No, I hadn’t. I sagged down into a plastic chair, my feet literally knocked out from under me in stunned disbelief. As the other attendees arrived, we milled about in numb confusion. This was to have been a glorious day beneath the Rocky Mountains, celebrating Nature and our deep relation to Earth, our primal mother. Now all our minds were filled with images of smoke, collapse, screaming, and disbelief. Some things are just too big to take in all at once. 9/11 was such an event for me.
We sipped distractedly at tea, petted the dogs and cats at my cabin on the Snake River, and tried to remember how to breathe. Finally, through no conscious intention, we found ourselves in a circle out back of the cabin, sitting beneath the lodgepole pines, listening to the chatter of tree squirrels and magpies. As a group, we quietly discussed what we should do next. The airports were all closed. No one was going anywhere that day. We came by consensus to the decision to continue the retreat, deciding that prayer might be our most powerful offering to New York that day and in the immediate days to come.
So we pulled out the retreat agenda and began. What followed were too-short days filled with Nature processes, animal communication, drumming and song, introspection, writing, sweat lodge, and smudging. On our first night together, we traveled out to White Grass Ranch, the ancestral gathering ground of rutting bull elk, and listened to the eerie and transportive bugling of the bulls, and to the click and clash of antlers in the dark.
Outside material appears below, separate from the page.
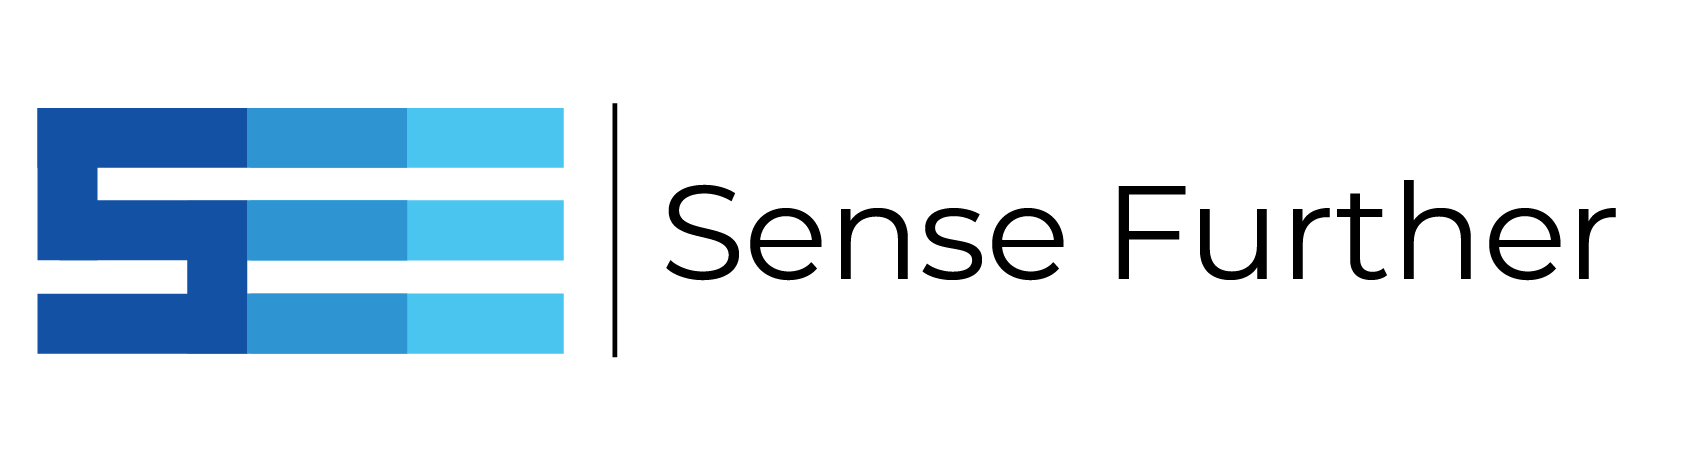 Company logo-long
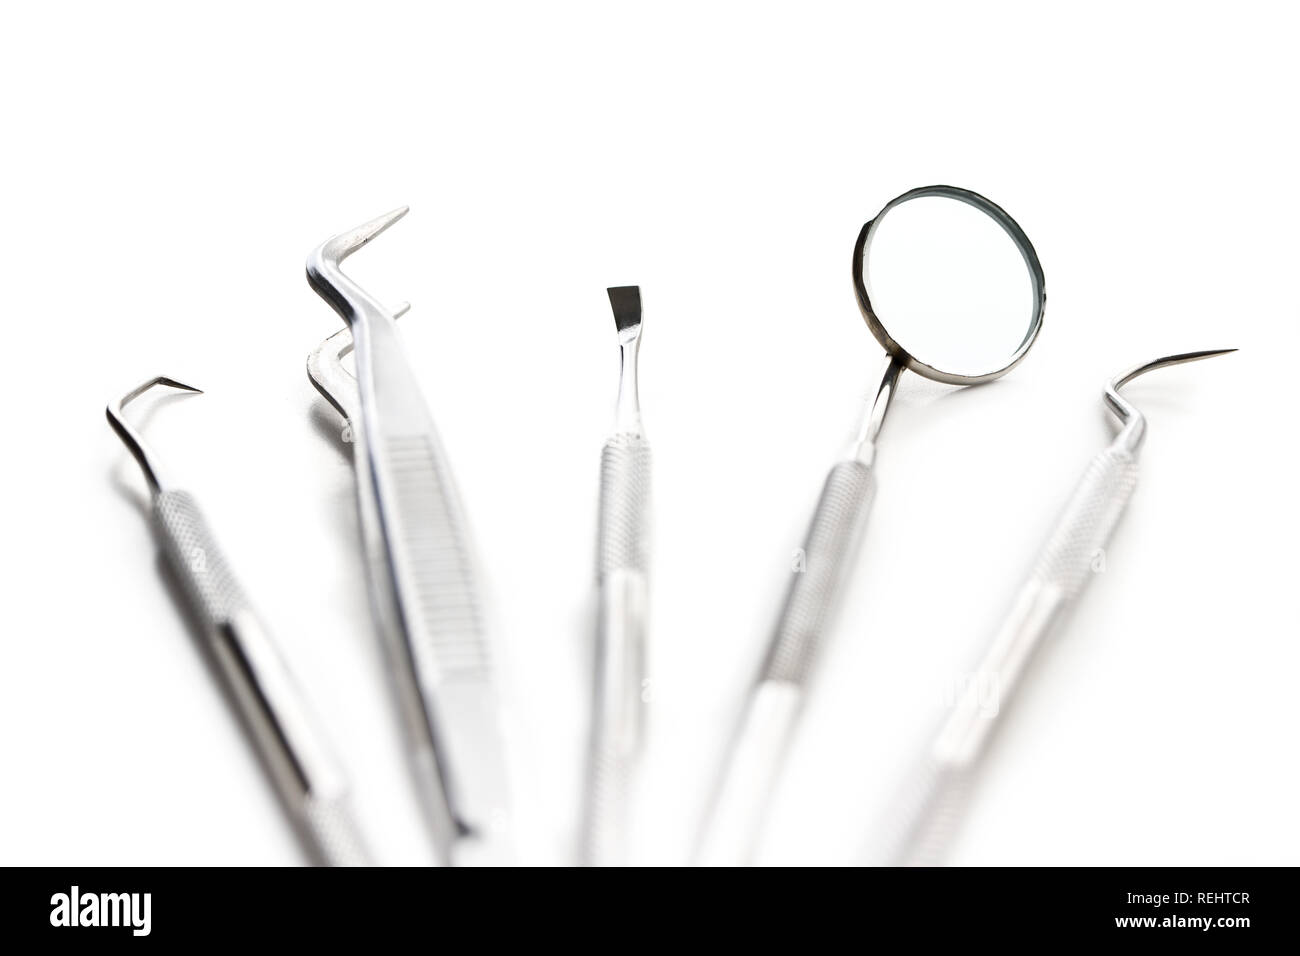 Strumenti odontoiatrici. Dentisti strumenti isolati su sfondo bianco. Foto Stock

I whispered to our gathering, “Out here, on this ground, under these stars, nothing happened here today.” I have no idea why I found such peace in saying those words, but I did, and I still do when calamity strikes. Horror has its place when it strikes, but there are places where it does not and must not reach. I believe it is deeply important that we find a way to keep terror, calamity, and castrophe out of our hearts, where it does no good but to destroy from the very inside out.

It ended up being a coincidence that our revived Kindred Spirit Retreat from so long ago was scheduled this year over 9/11. It was our second choice of dates, and it worked out the best, but only now as I sit down to write this this morning do I see the profound significance of our choice.
Our first retreat years ago was a healing and a blessing for everyone who attended. Friendships were founded there that thrive still. Our intention to seek a deeper path into Nature served us then as it does still. Our founding group of organizers and teachers came together again to resurrect this retreat in all its goodness with new processes, new rituals for healing and growing closer to the deepest heart of Nature.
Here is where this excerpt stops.